I'm examining the training implementation in src/art/unsloth/service.py and have a question about the gradient computation approach.

Currently, the code processes samples individually:

for offset in range(0, packed_tensors["tokens"].shape[0]): # Process single sample: v[offset : offset + 1] # Each sample triggers separate gradient computation and parameter update

This means:

Sample 1: θ₁ = θ₀ - lr * ∇L₁(θ₀)
Sample 2: θ₂ = θ₁ - lr * ∇L₂(θ₁) (based on updated θ₁)
Sample 3: θ₃ = θ₂ - lr * ∇L₃(θ₂) (based on updated θ₂)

Versus standard batch processing:

All samples: θ = θ₀ - lr * (∇L₁(θ₀) + ∇L₂(θ₀) + ∇L₃(θ₀))/batch_size

Question:

What's the reasoning behind this sequential gradient approach?

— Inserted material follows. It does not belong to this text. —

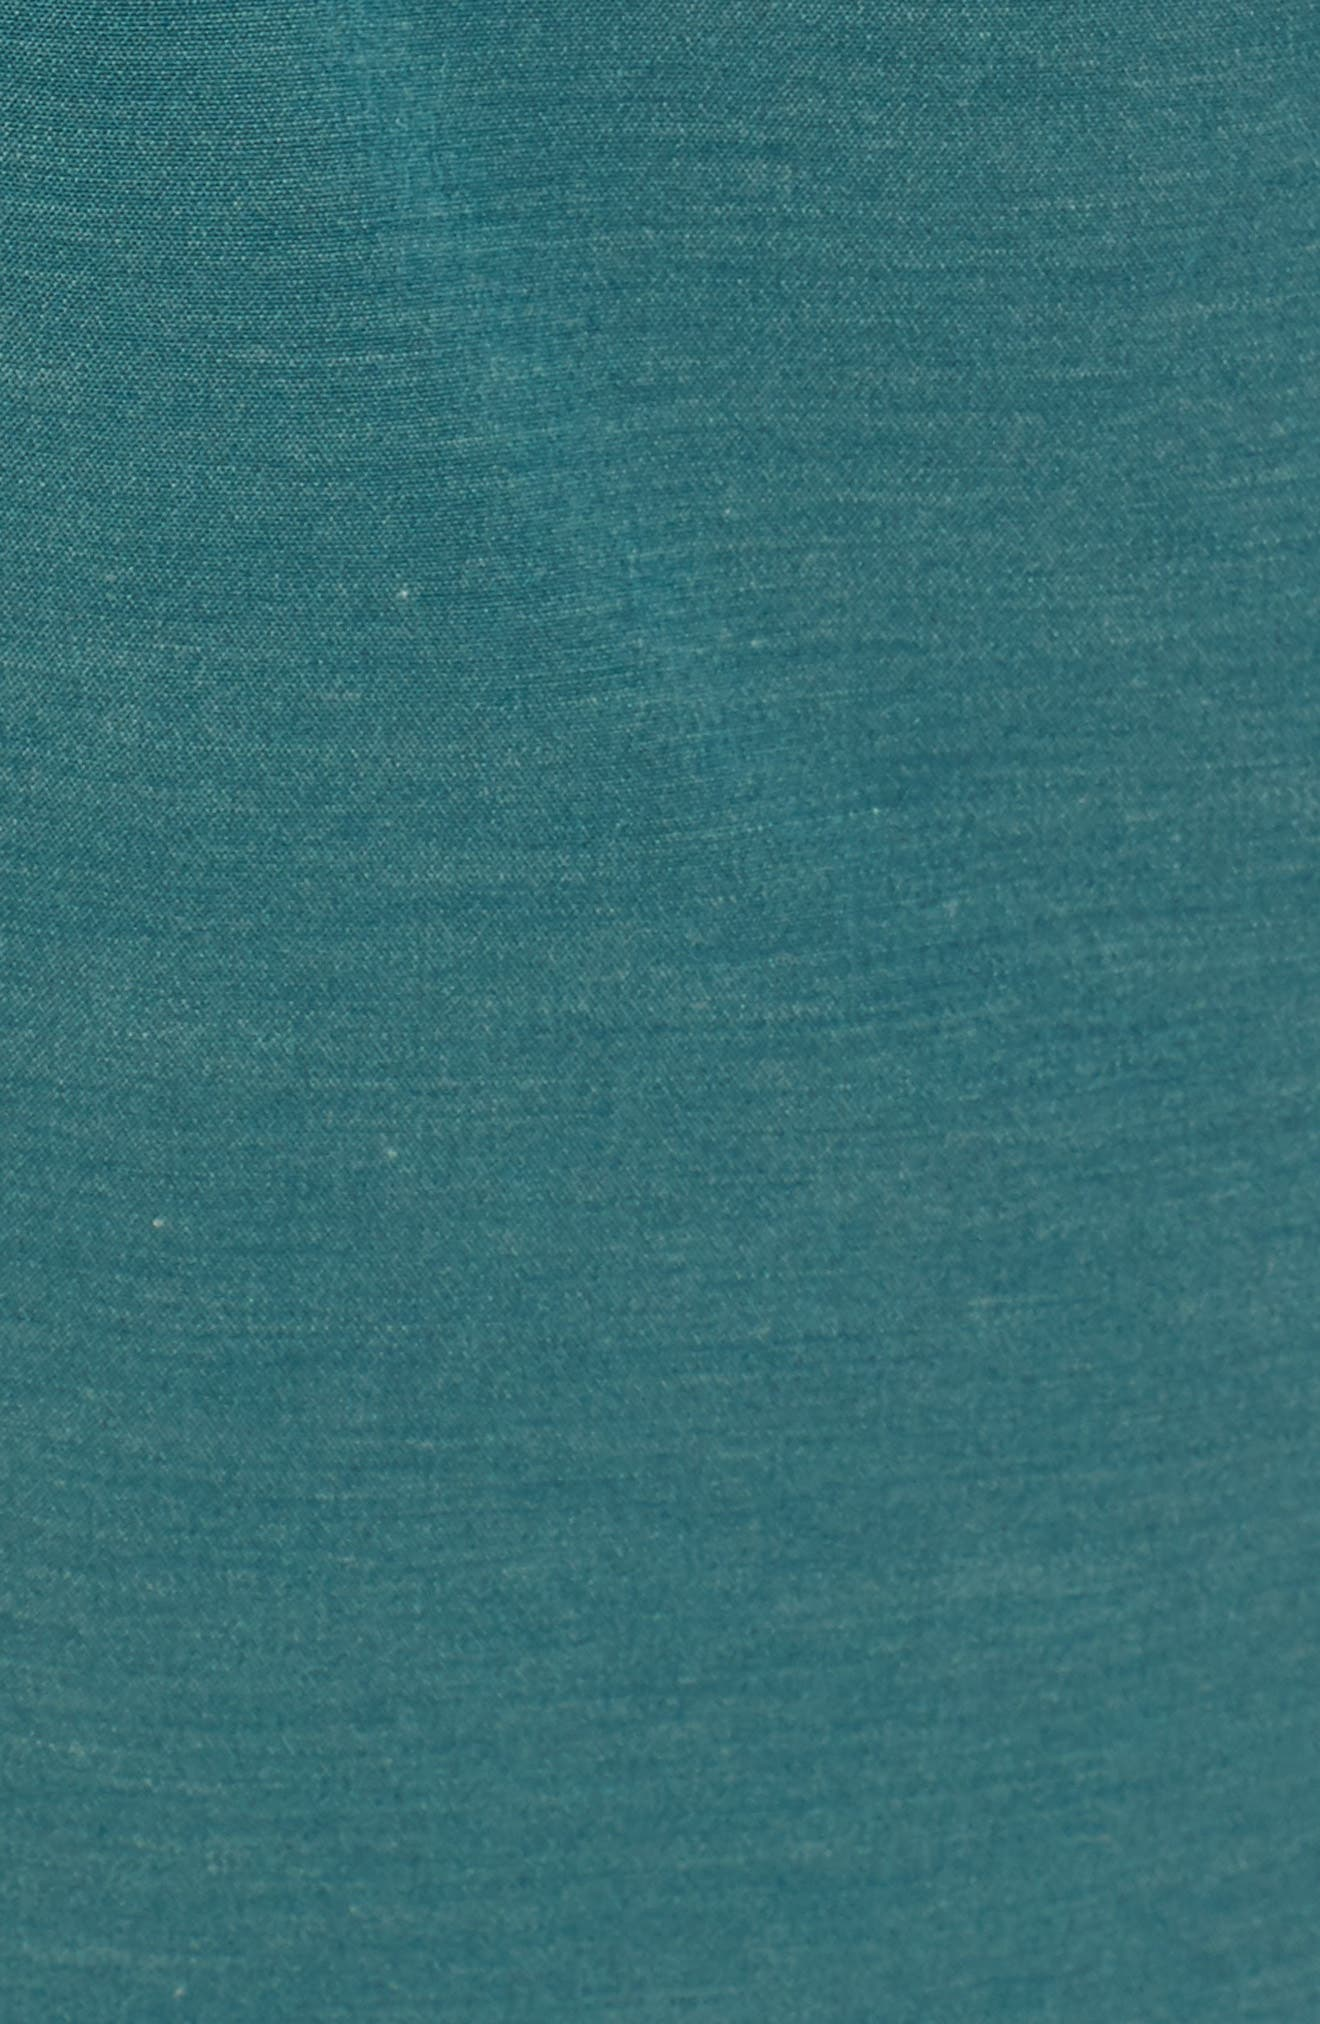 Metric Board Shorts,                             Alternate thumbnail 5, color,                             300

Does it provide better gradient reliability or learning dynamics for your specific use case?

I'm particularly curious whether this design choice stems from:

Improved convergence properties
Better handling of gradient variance
Specific requirements for your training methodology

The downstream training code in train.py appears to support full batch processing, so I'm wondering if there are important gradient-related considerations I'm missing.

Thanks for any insights!

Aug 01 '25 03:08 zfflxx

In my experience doing more gradient updates works better. Here's some recent work that finds the same thing.

Aug 02 '25 18:08 bradhilton

@zfflxx does that help answer your question?

Aug 13 '25 00:08 bradhilton